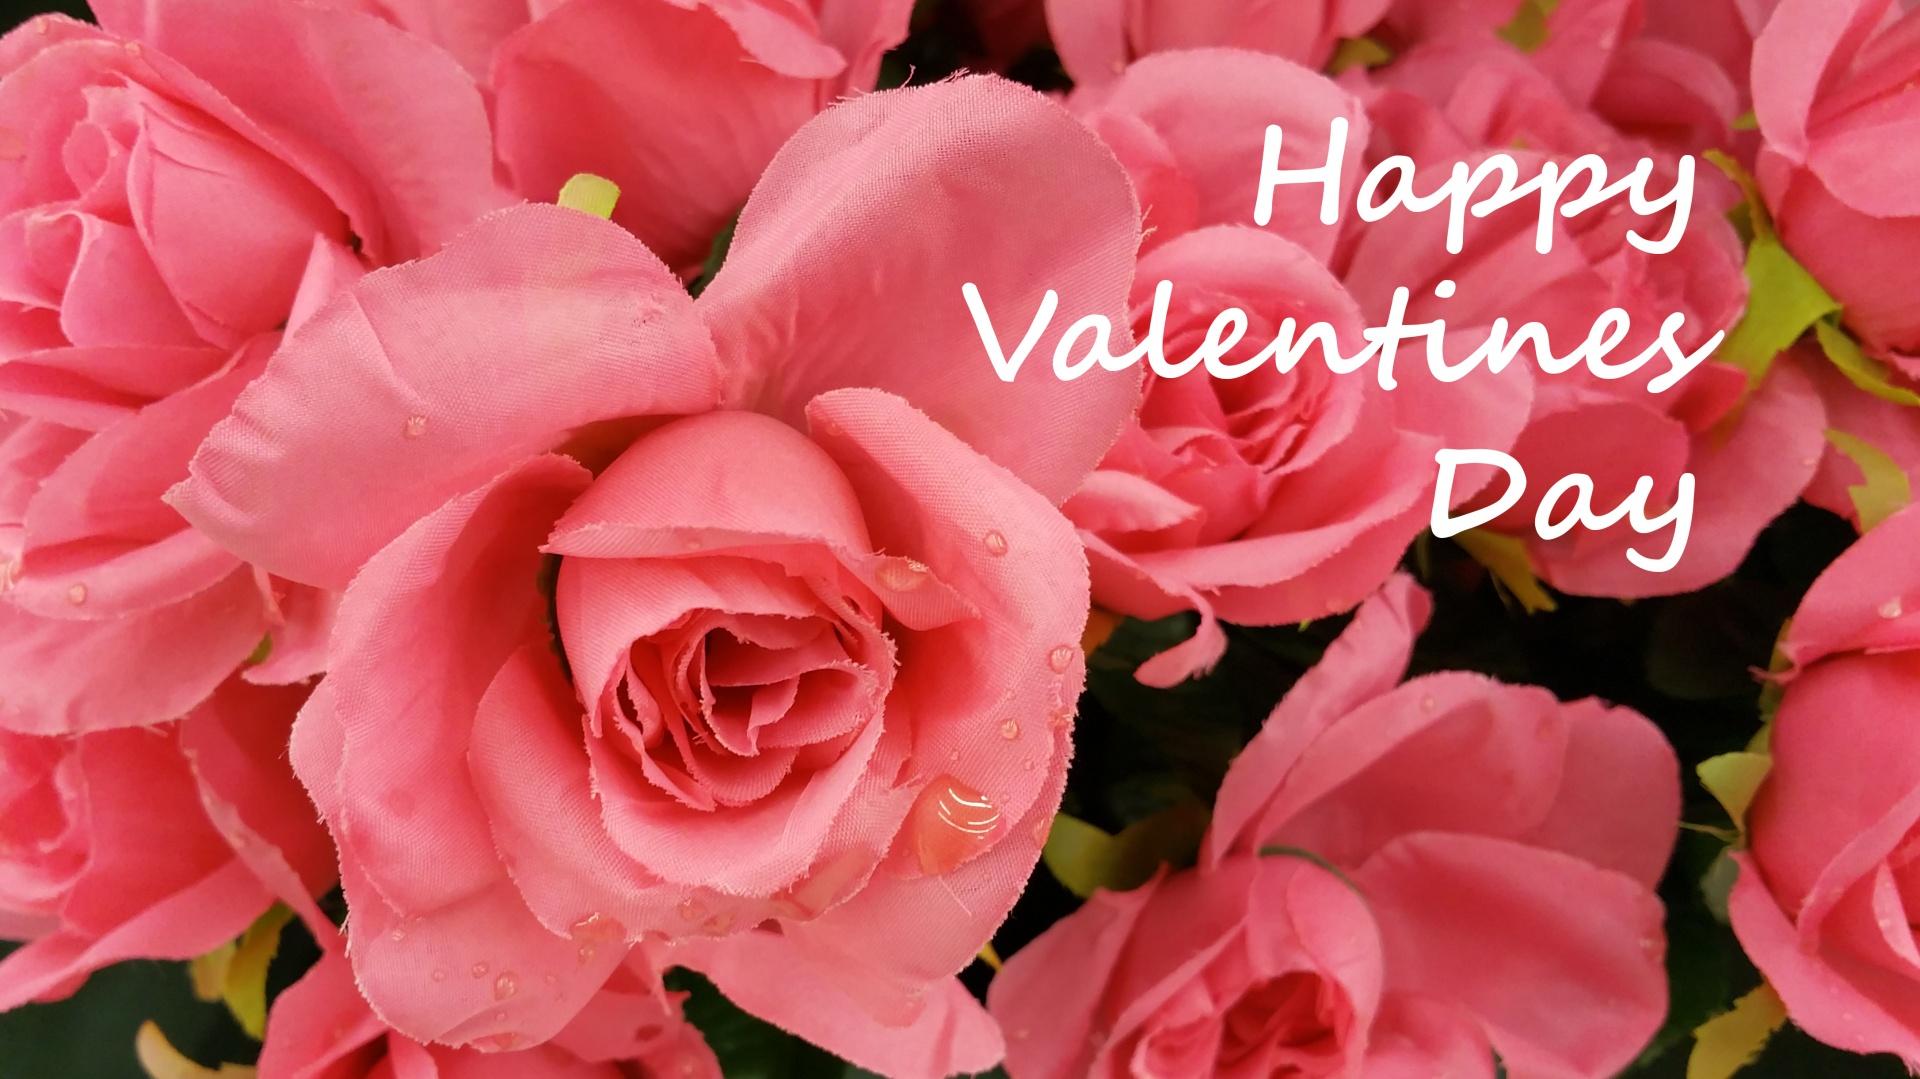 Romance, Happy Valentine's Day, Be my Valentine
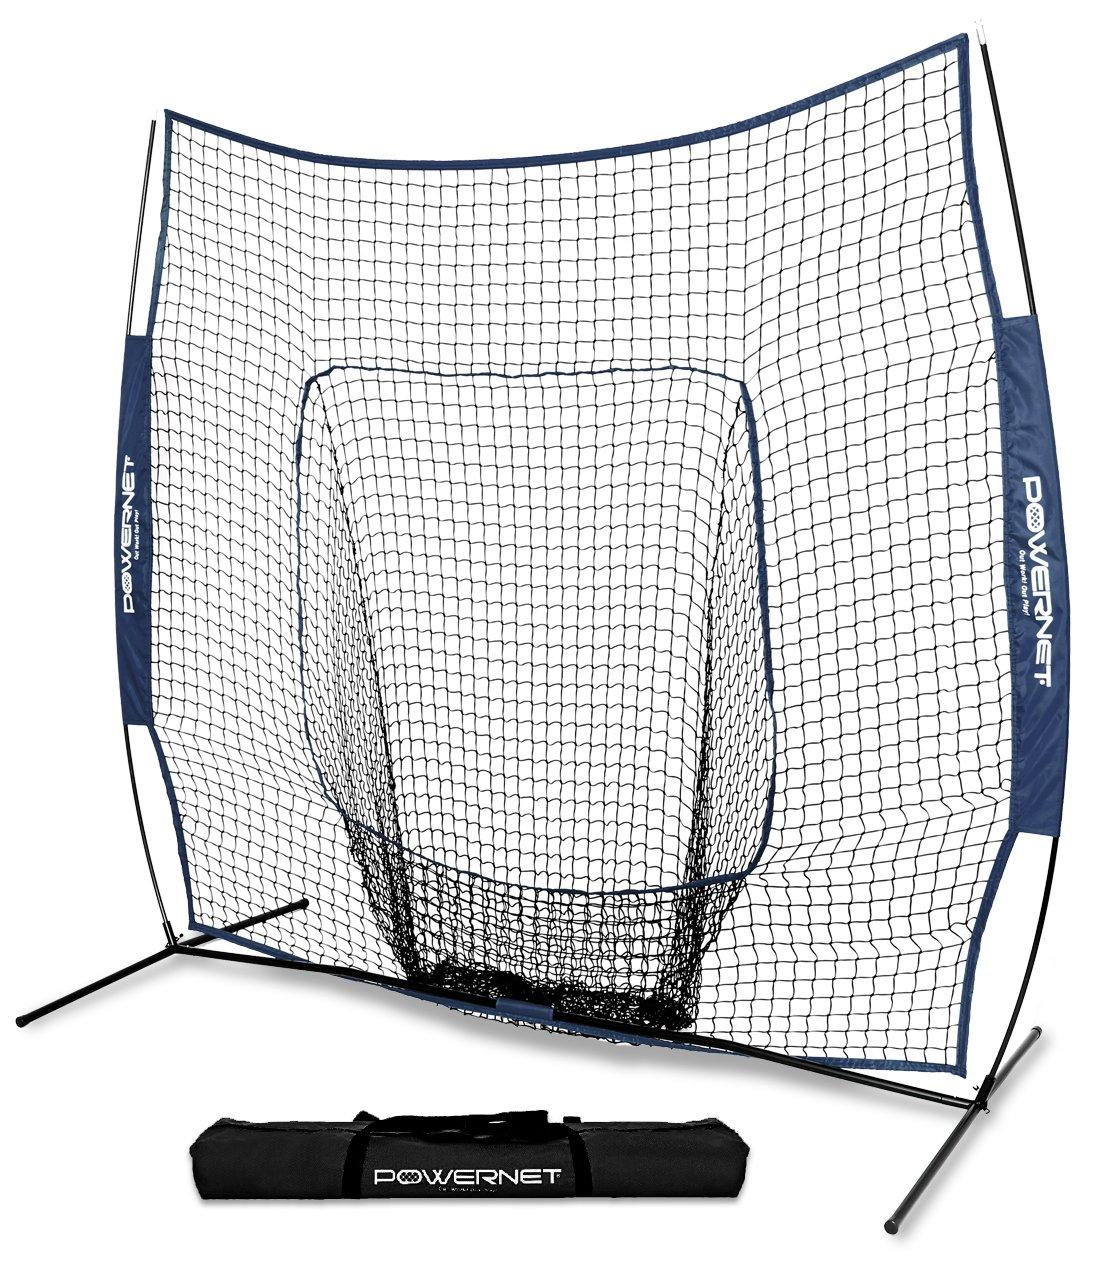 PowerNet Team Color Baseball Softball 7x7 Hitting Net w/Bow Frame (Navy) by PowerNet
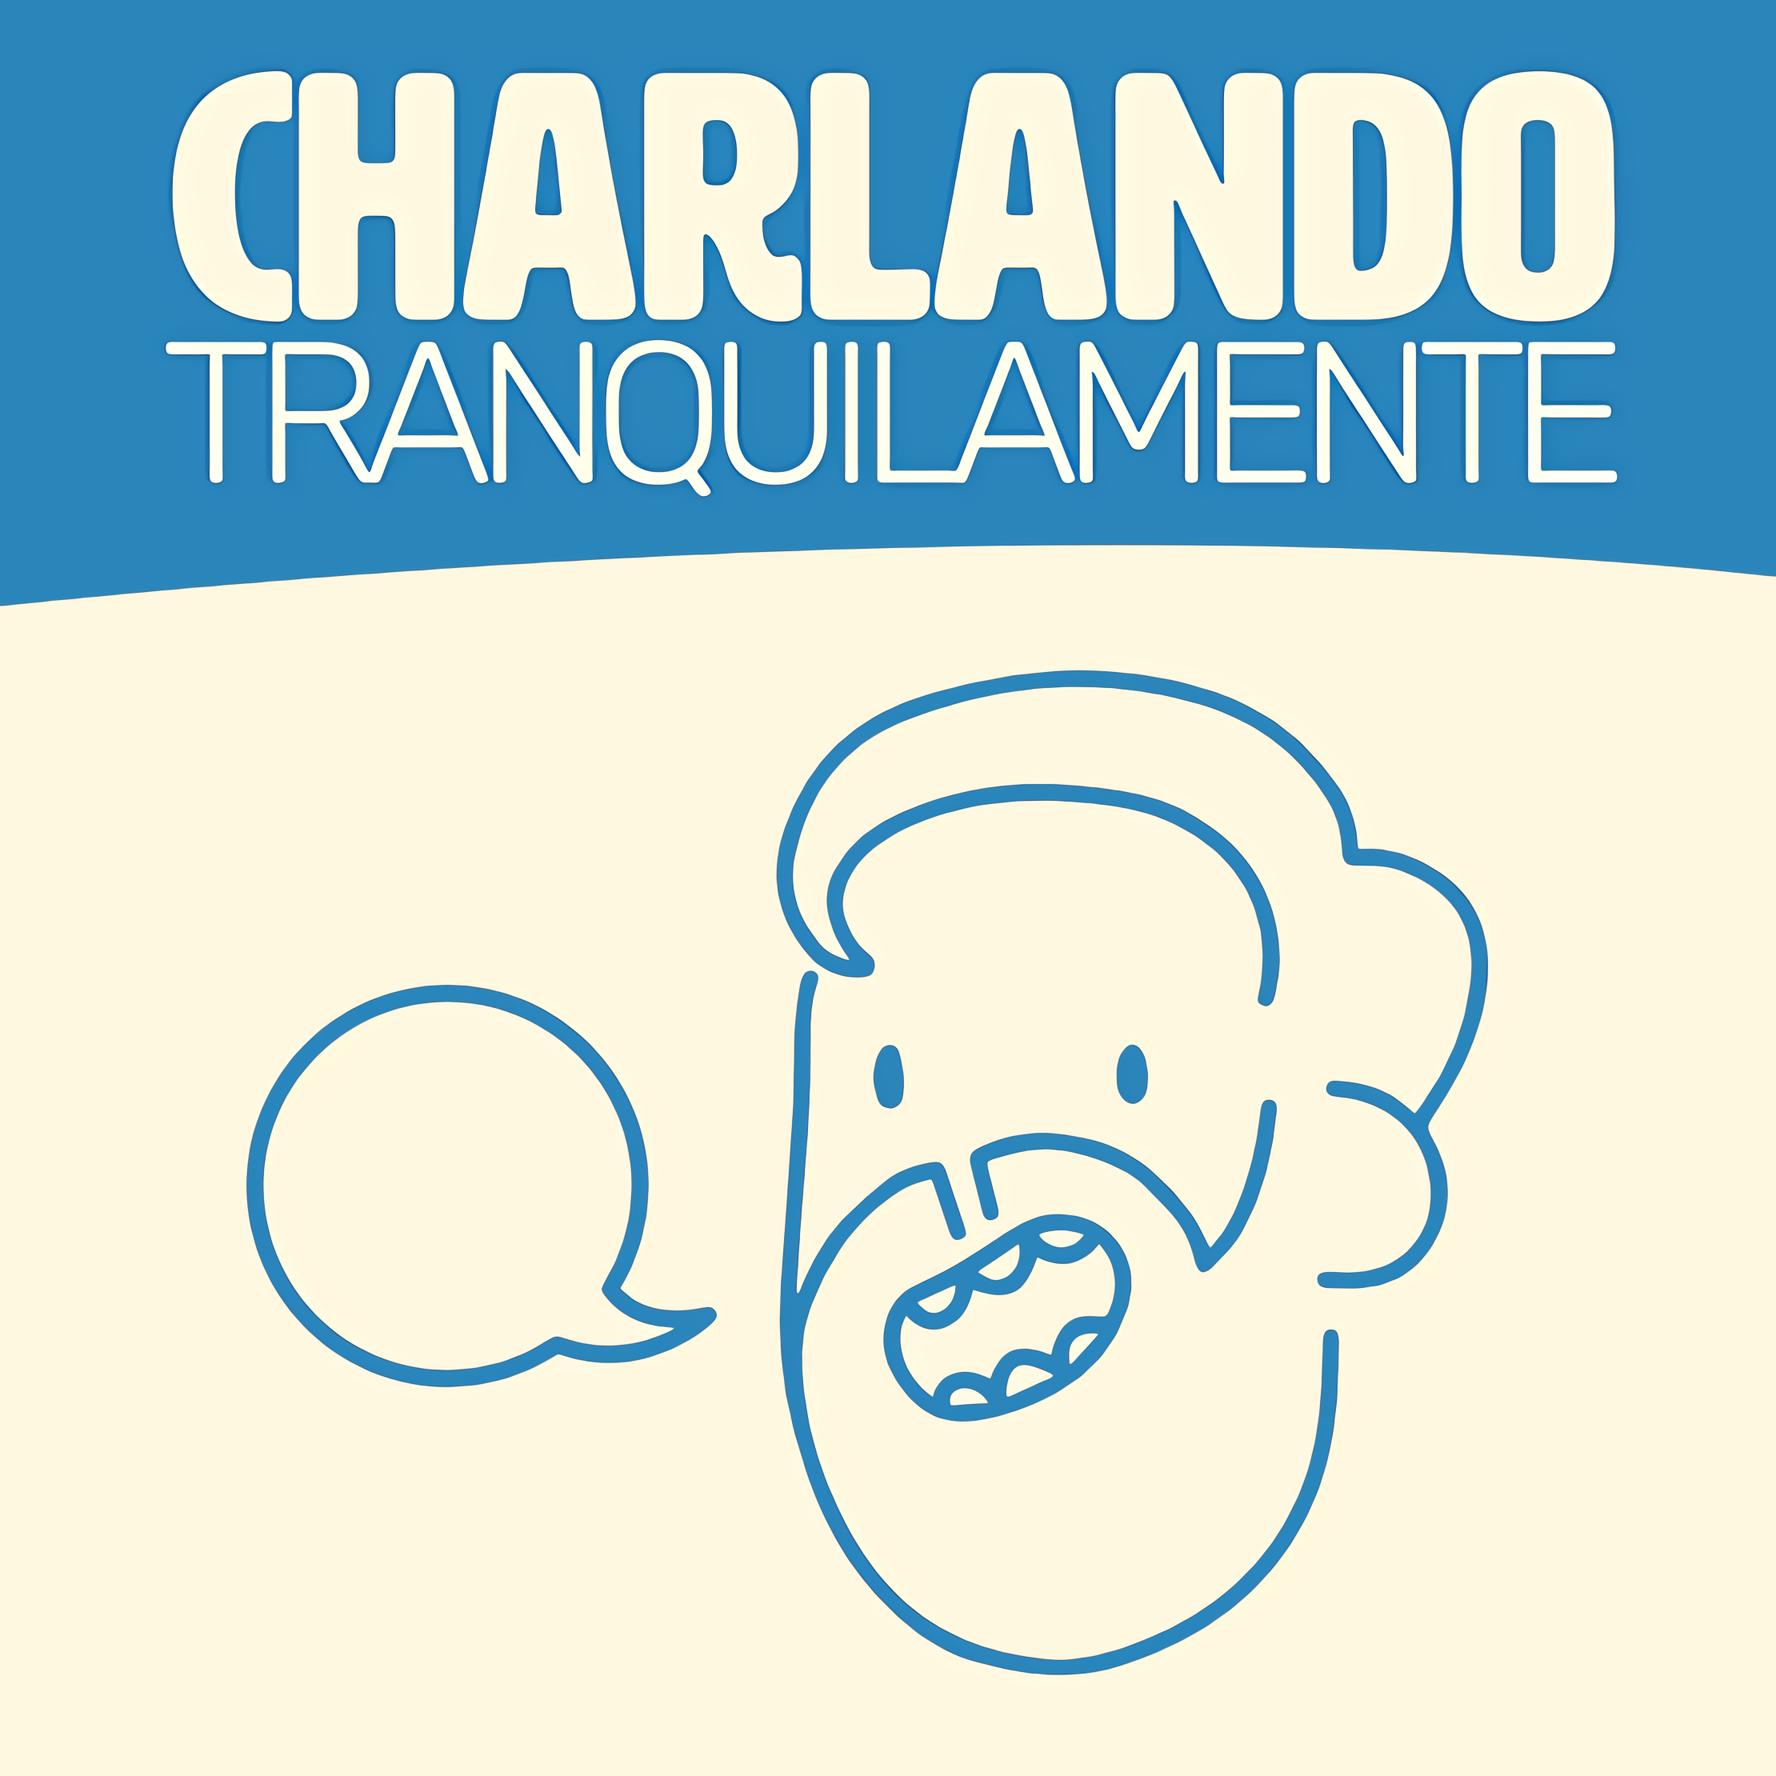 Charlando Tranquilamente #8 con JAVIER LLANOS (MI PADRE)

Exercise aim. Give the listing above again word for word, without its pictures.

Response area.
 Romance, Happy Valentine's Day, Be my Valentine
 PowerNet Team Color Baseball Softball 7x7 Hitting Net w/Bow Frame (Navy) by PowerNet
 Charlando Tranquilamente #8 con JAVIER LLANOS (MI PADRE)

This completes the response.